Information supplied –
....................
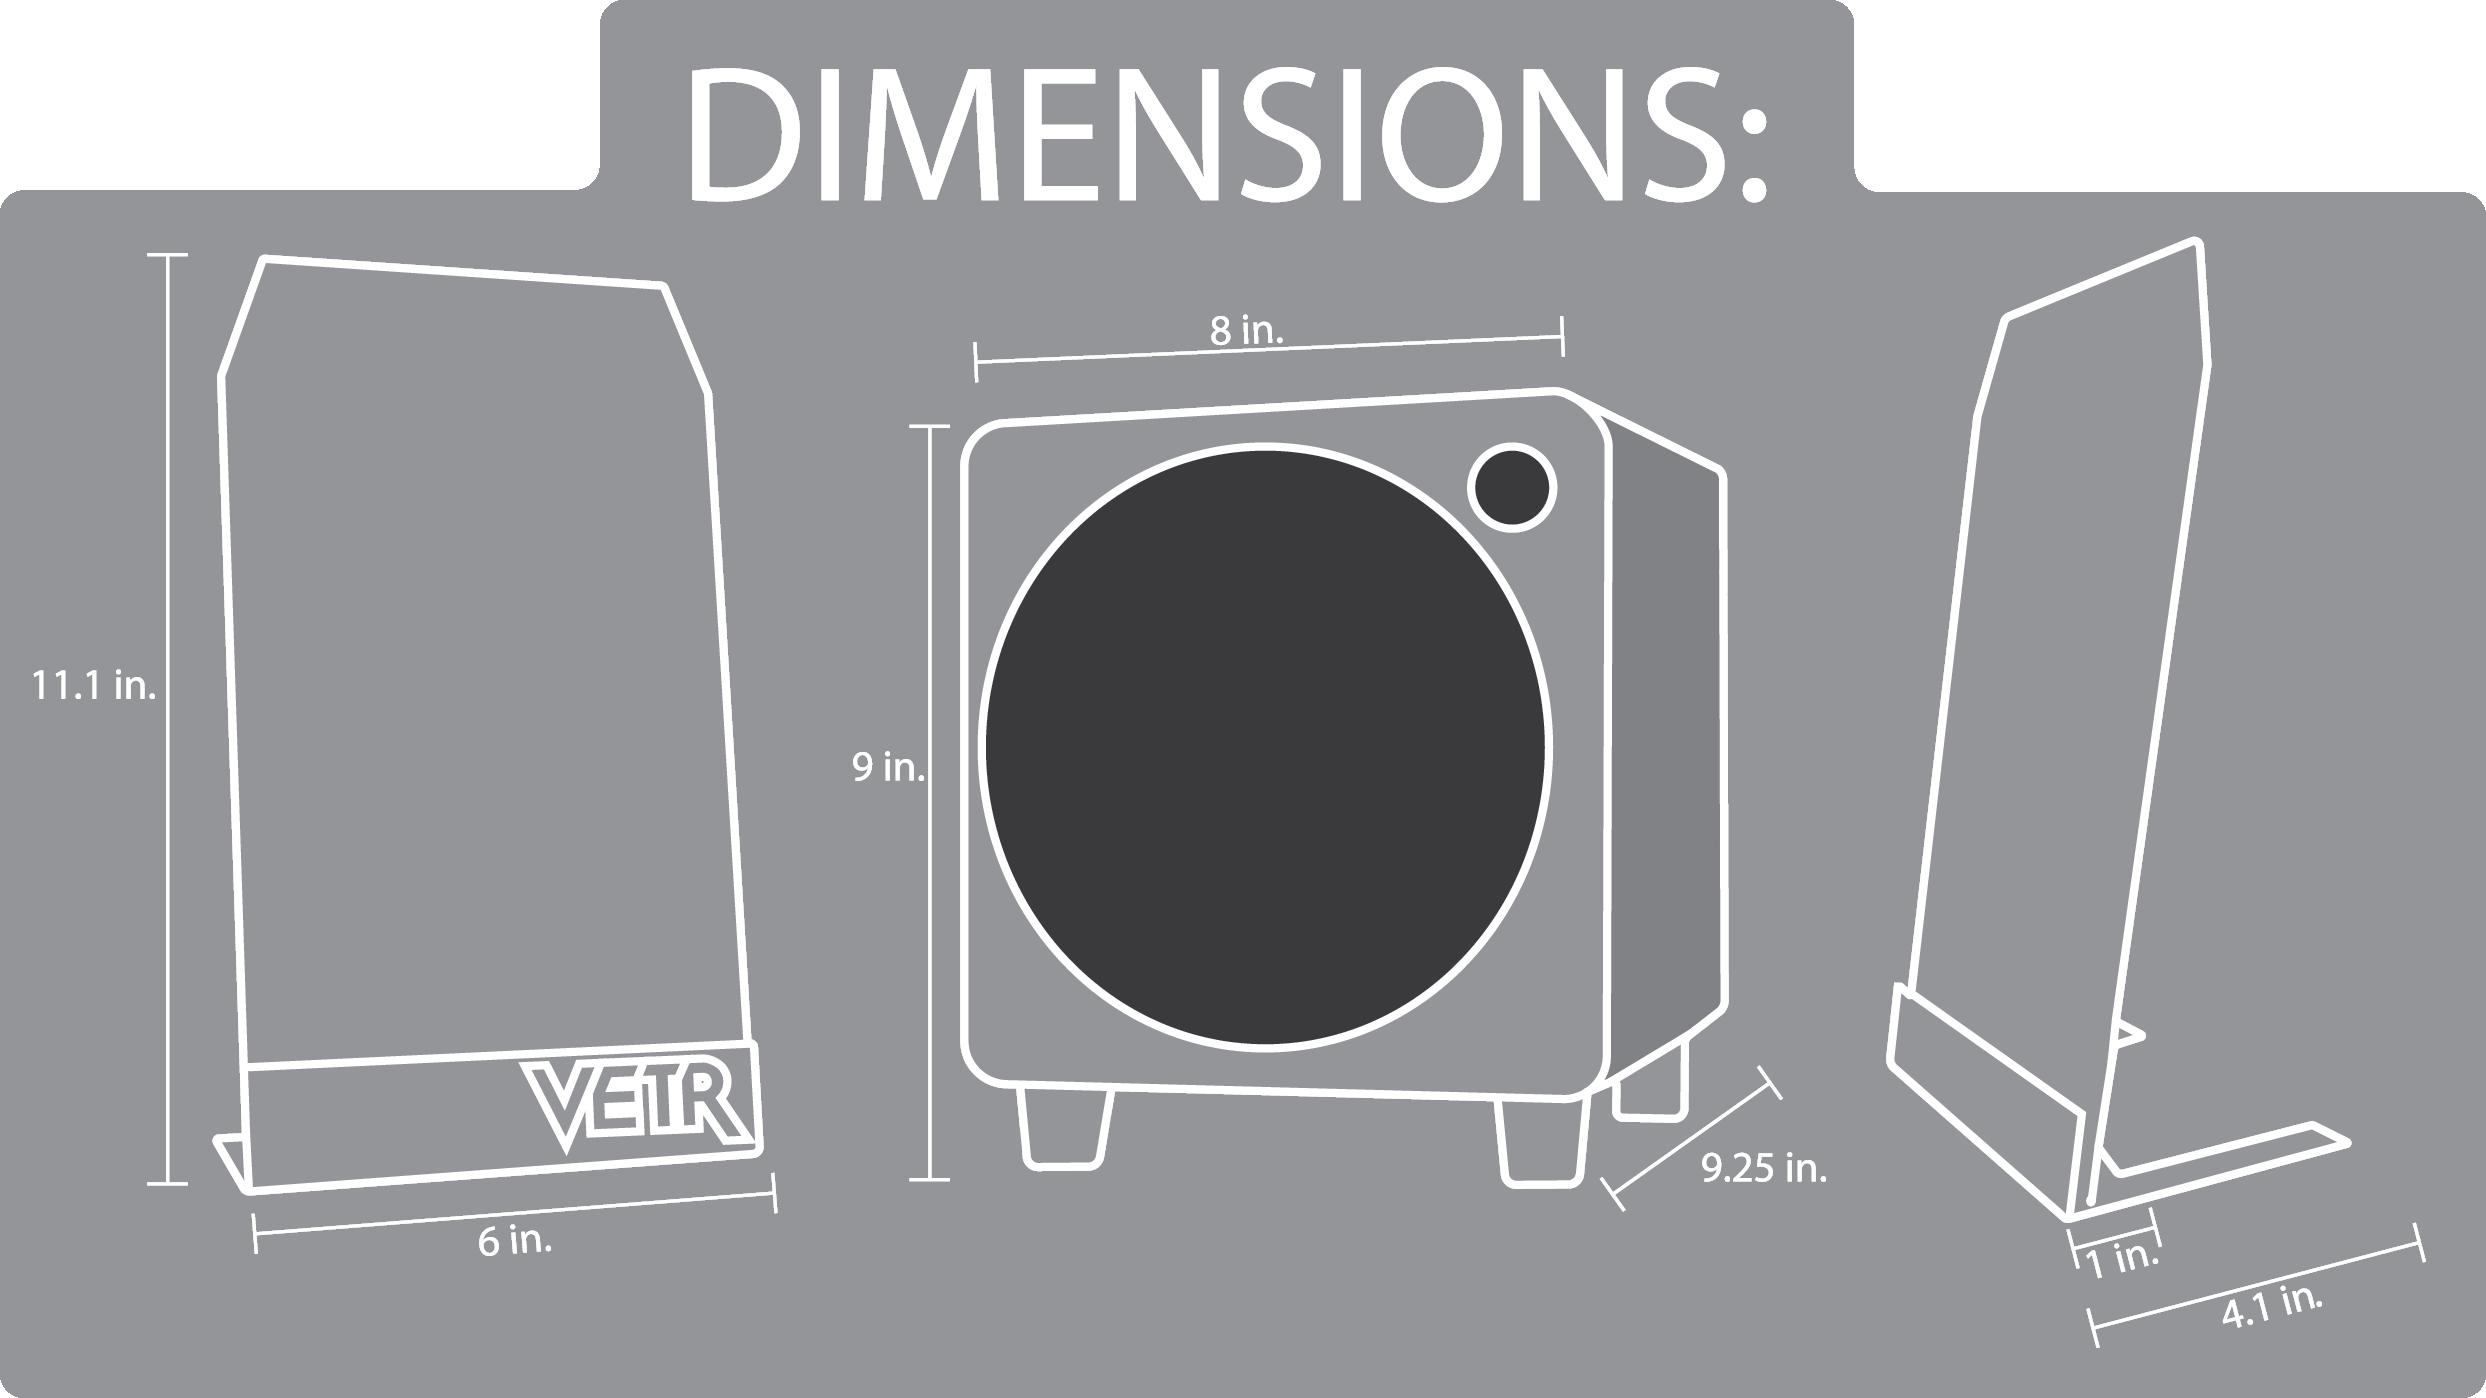 dimensions-01.png
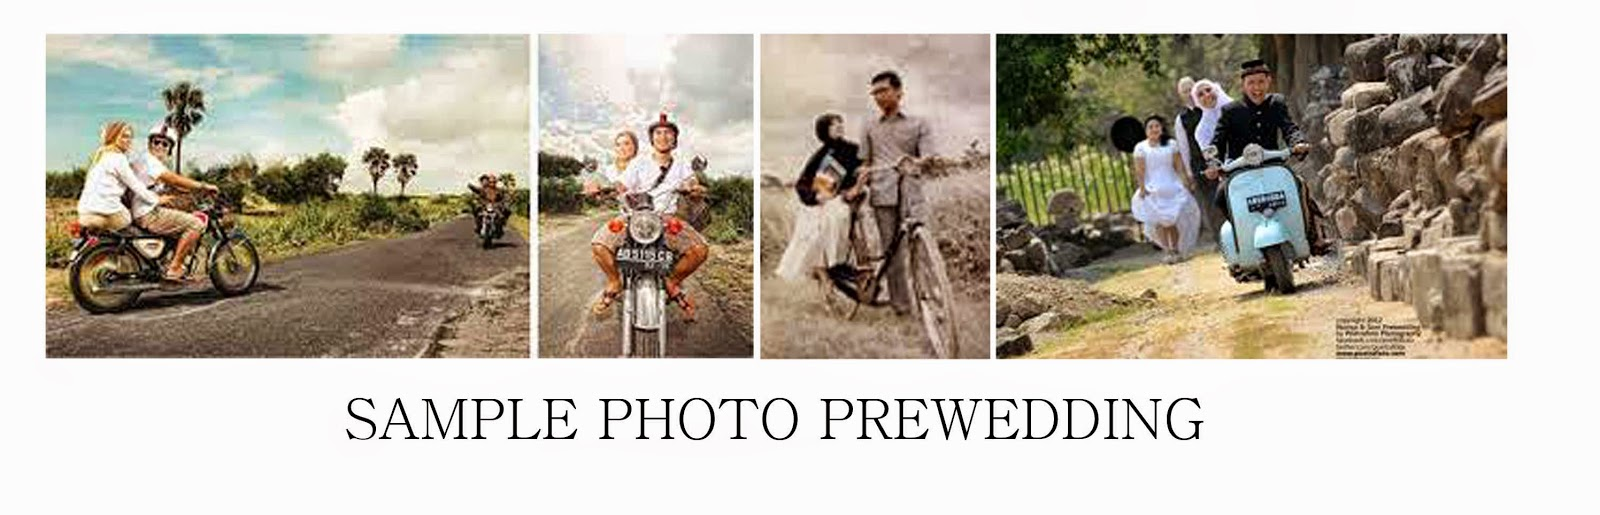 Contoh Gambar Pra Wedding
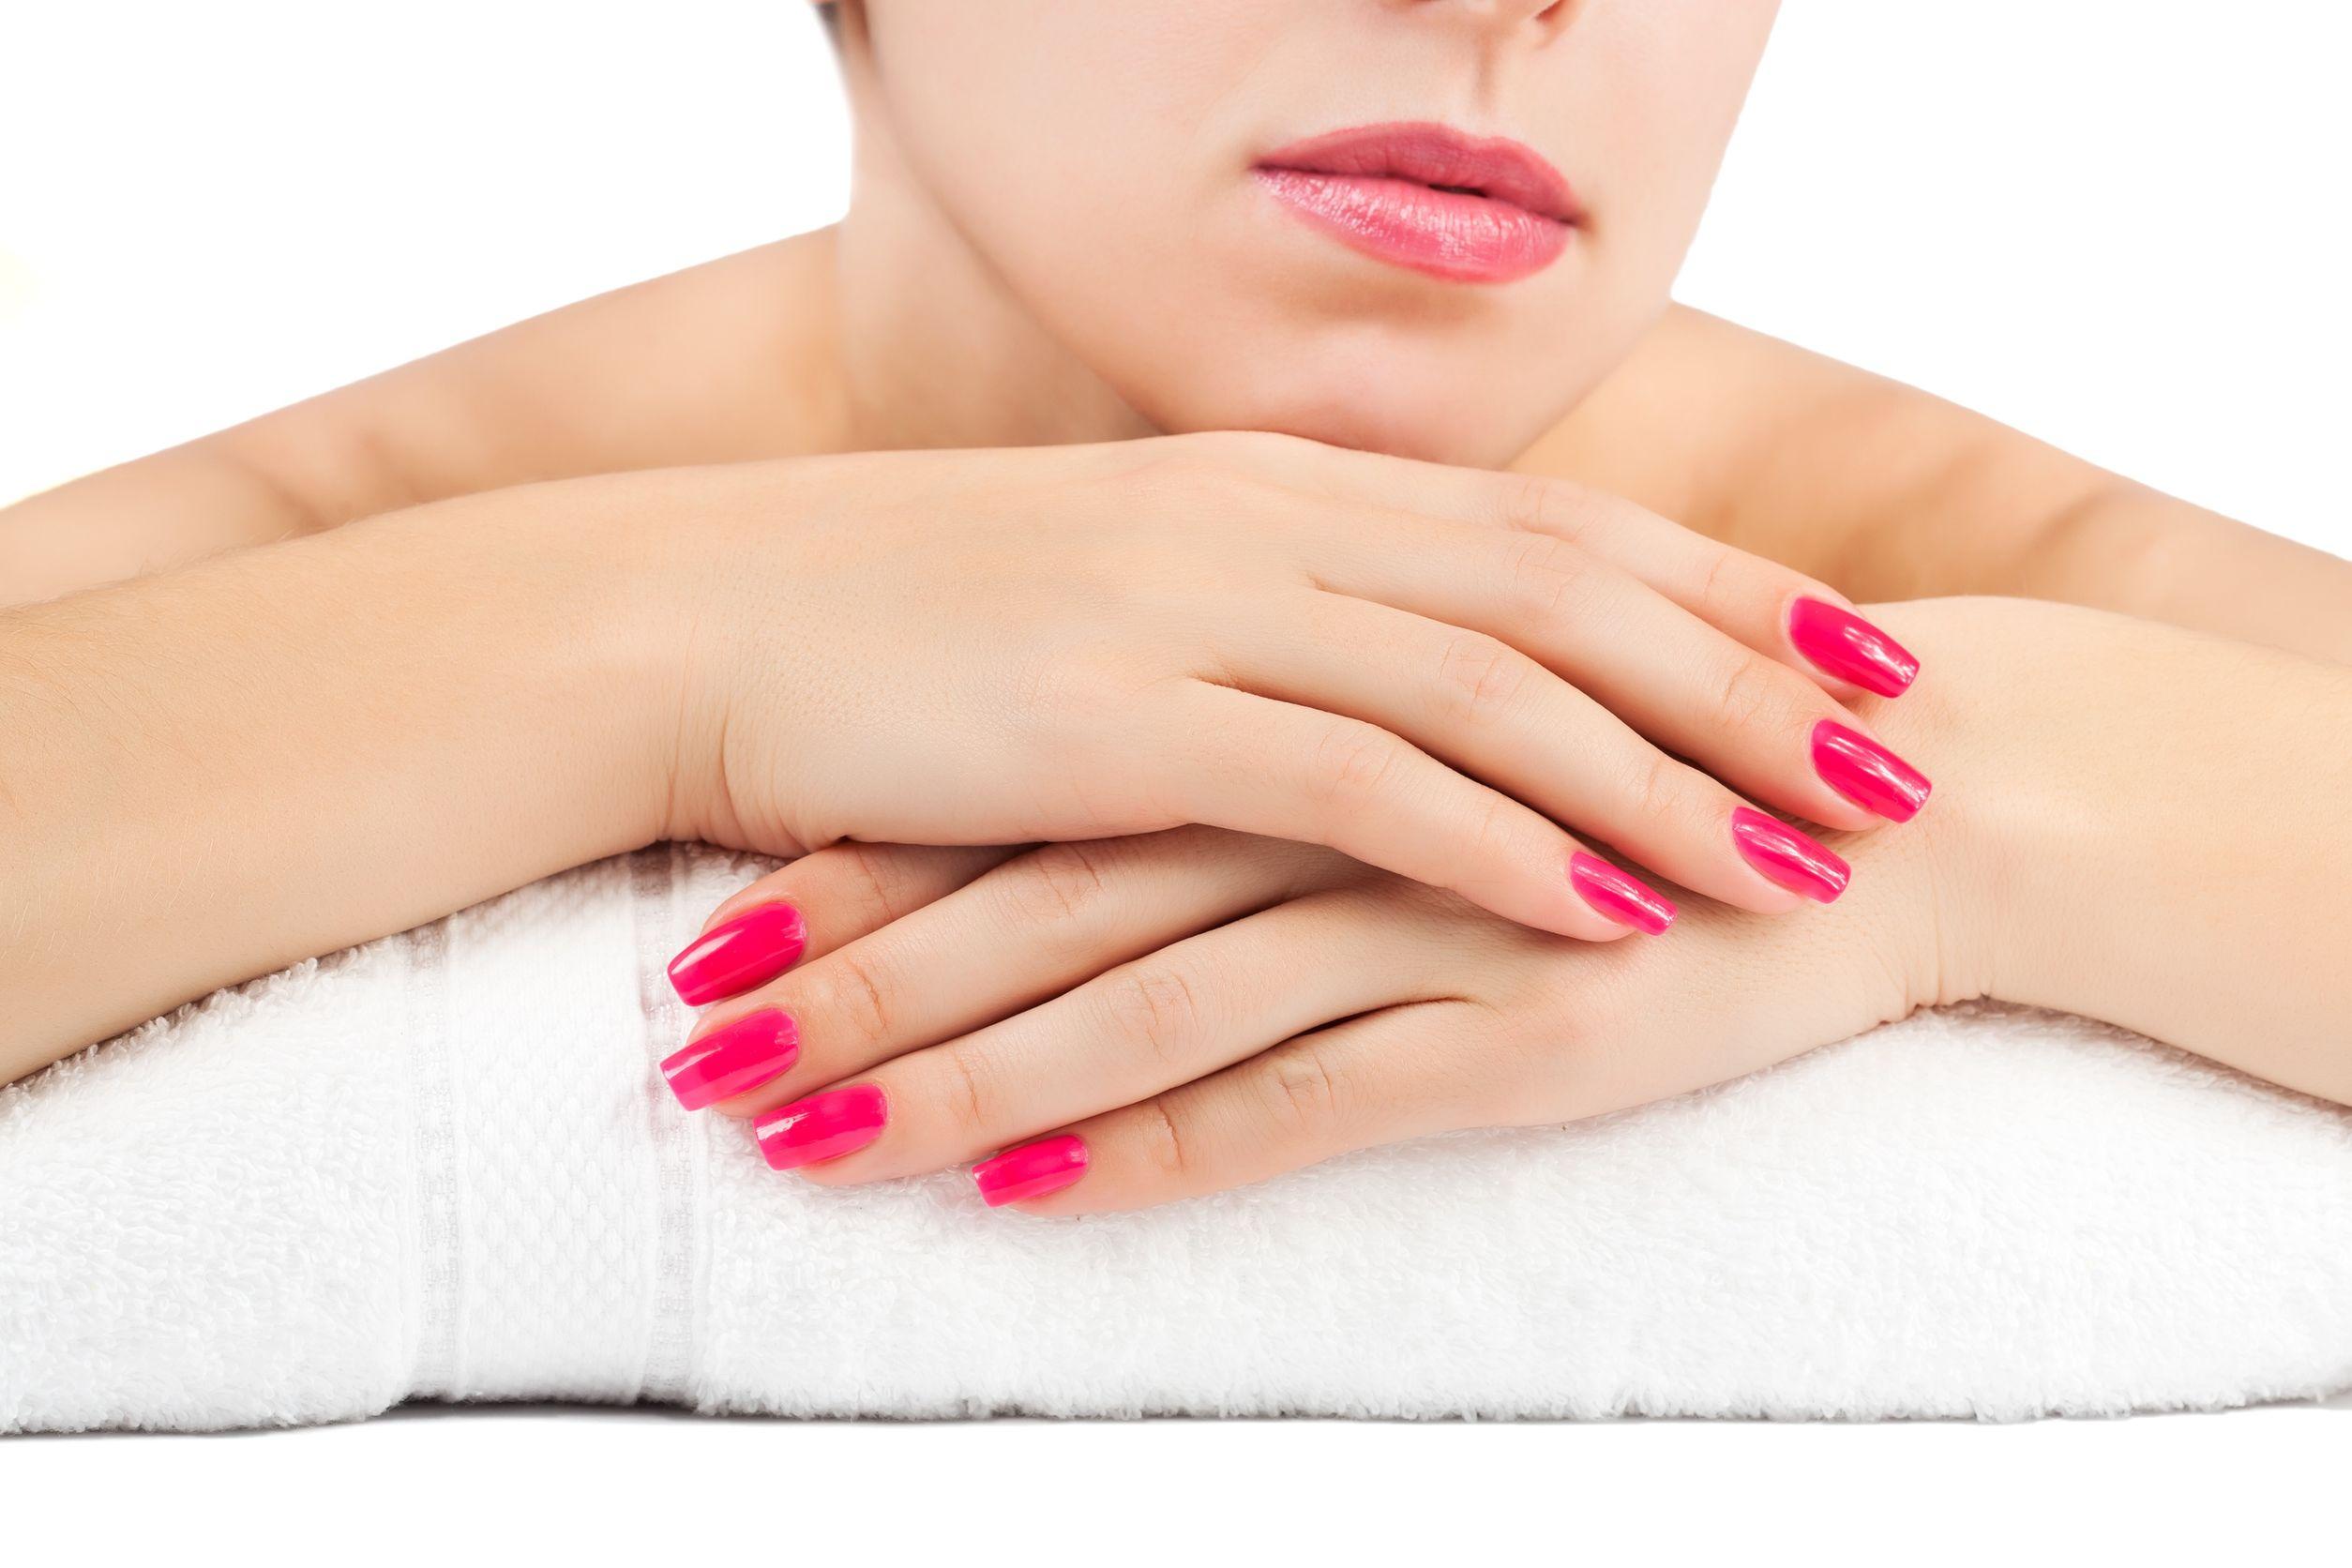 Frau mit lackierten Nägeln im spa salon
....................
What to work on – Pictures aside, reproduce all of the material above without alteration.

Task result –
 dimensions-01.png
 Contoh Gambar Pra Wedding
 Frau mit lackierten Nägeln im spa salon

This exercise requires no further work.